Snæfelsnes 2003

From Stykkishólmur to Grundafjörður and back

On Sunday morning we cycled down to the BSÍ bus station in Reykjavík and caught the 1pm bus to the Snæfelsnes peninsula - to Stykkishólmur. We passed through the long tunnel to Akranes, which hadn't been built last time I ventured this way in 1986 on my first trip to Iceland. A sign at the entrance prohibited cyclists - the alternative is a 40km detour.

After three hours we arrived at the petrol station in Stykkishólmur. After pitching our tent in the nearby camp site - ours was the only one - we set off to explore the town. From the harbour we climed up to the lighthouse. It was while descending from there that it started to rain. After failing to find a restaurant we ended up in the petrol station - one of many as it turned out - and sat out the rain. Later that evening we did find a restaurant near the harbour.

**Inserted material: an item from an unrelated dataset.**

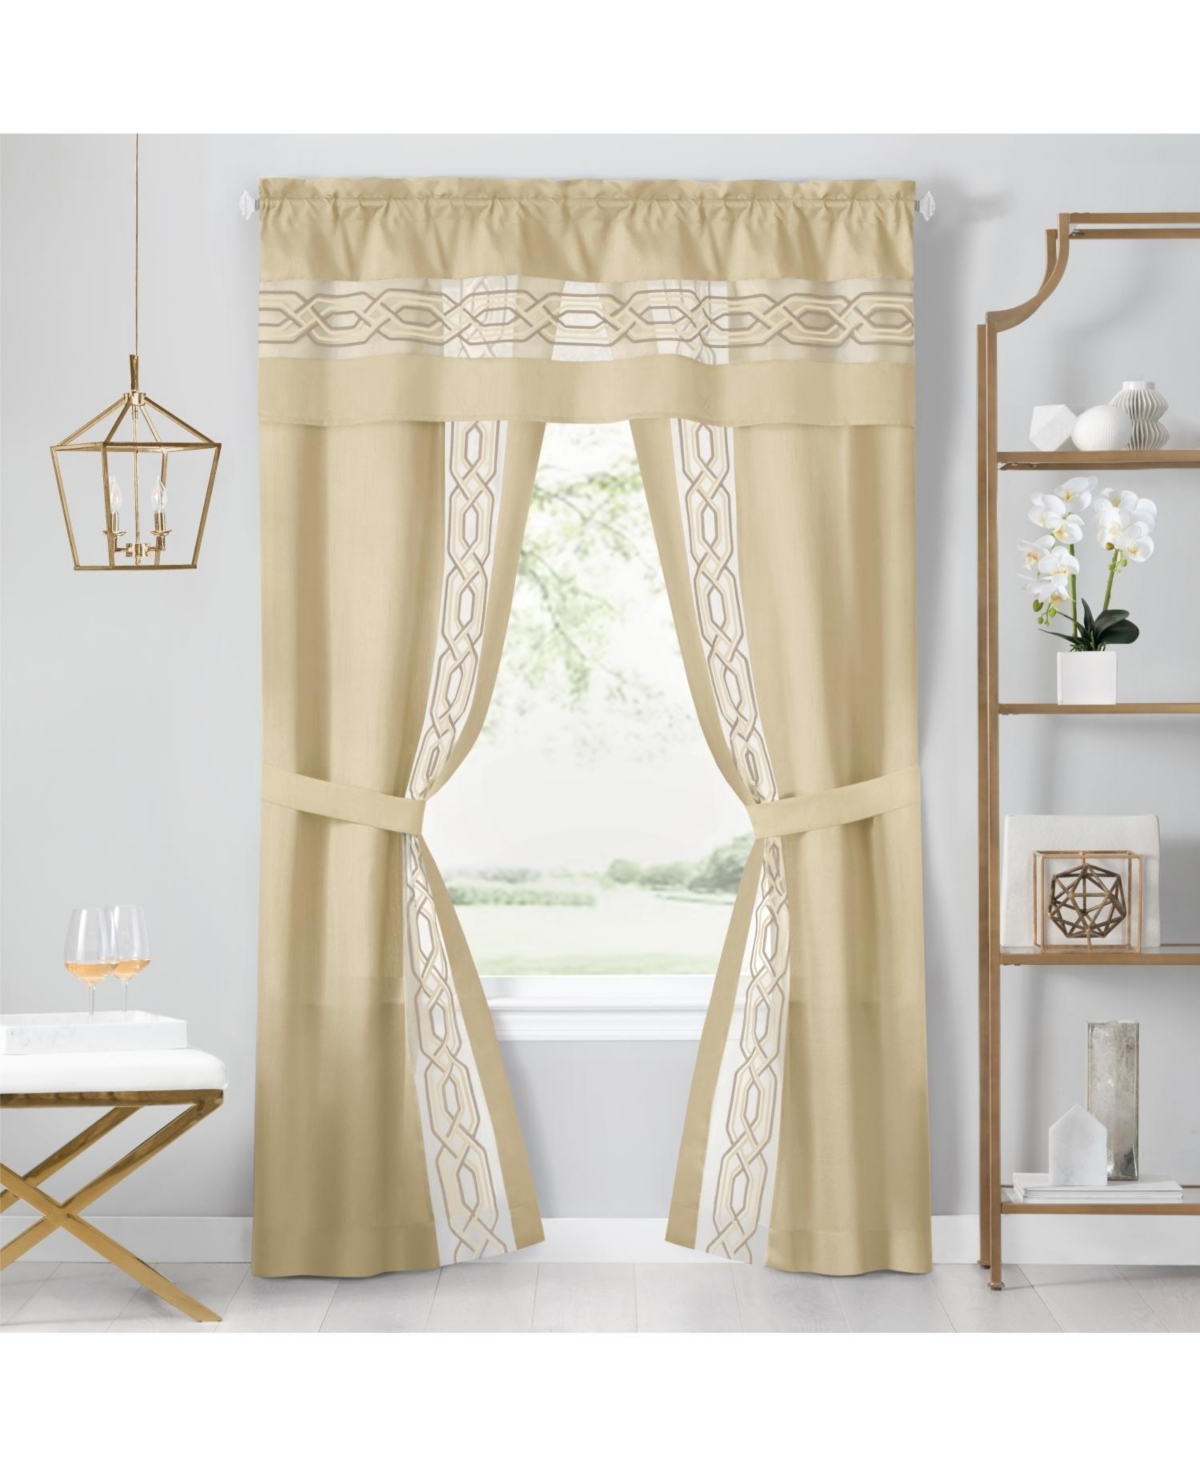 Pacifico 5 Piece Rod Pocket All In One Attached Semi Sheer Window Curtain Panels & Valance Set - Tan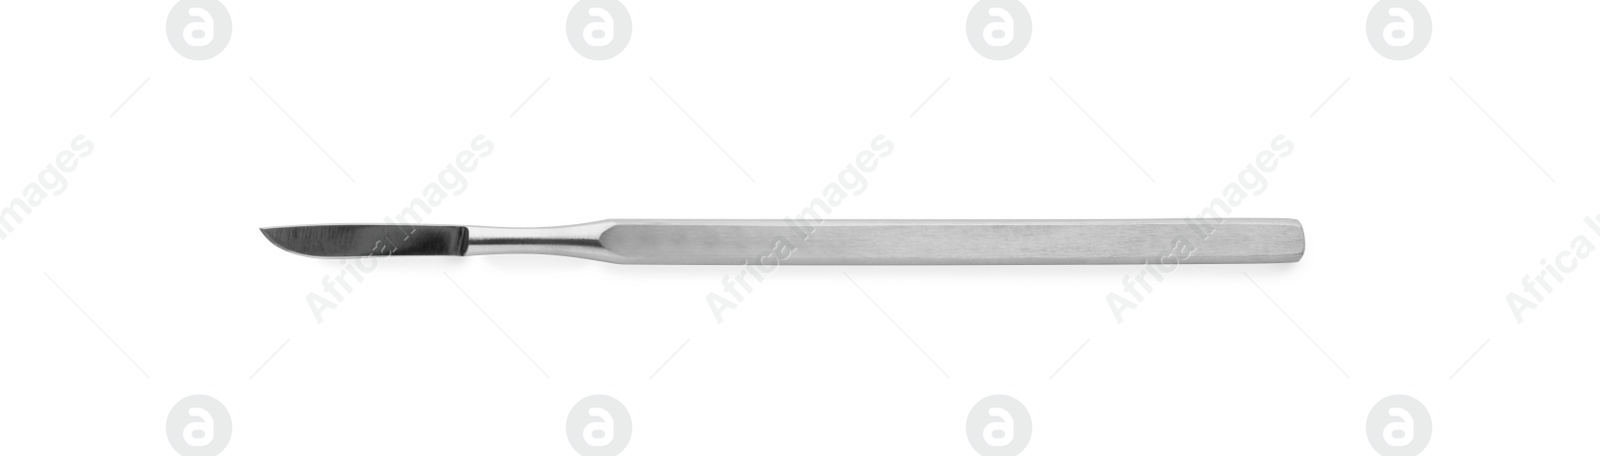 Photo of Stainless steel surgical scalpel isolated on white, top view. Dentist's tool

The following morning it was 5 degrees Celsius and misty. A great day for an outdoor swim! Well any day is in Stykkishólmur, as only a few years ago they discovered a geothermal hot water source, where water comes out of the ground at over 80 degrees Celsius, and they built a swimming pool around it. The water was over thirty degrees - just right to counteract the cool morning air. I shared the pool with a class of schoolchildren having their early morning swimming lesson. It was amusing to watch them come out of the changing room and run to and jump into the pool - most unlike the gingerly way we get into swimming pools in England.

After my swim, we set off, without our panniers, for a training ride. We were aiming for Grundafjörður, thirty kilometres to the west. As we crossed the lava field Peter reminded me of the story in the guide book of the two "beserks" who were killed here many years ago and whose bodies were found under two mounds in the lava a long time later. I couldn't help thinking how we could be seen by many as two beserks, cycling in Iceland so early in the season.

Awaiting photo of Grundafell We reached Grundafjörður around lunch time and found a nice quiet pizza restaurant. Peter was feeling distincly weak. Although his descriptions of his symptoms sounded like I feel all the time during a cycle tour, I had to believe him that he was ill. I hoped we'd be able to complete the tour.

The weather had distinctly improved over lunch and we cycled back again in sunshine. On the way back we took a detour to visit the chapel of Maria Guðmundsdottír. It is said that if you climb to the chapel at the top, without looking back and without talking, and then you turn to the east, you can make three wishes, all of which will come true. This we duly did, of course. You can't tell anyone what the wishes are, so I'm afraid I can't let on.

That evening, back in Stykkishólmur we ate in the same restaurant before retiring to bed quite tired.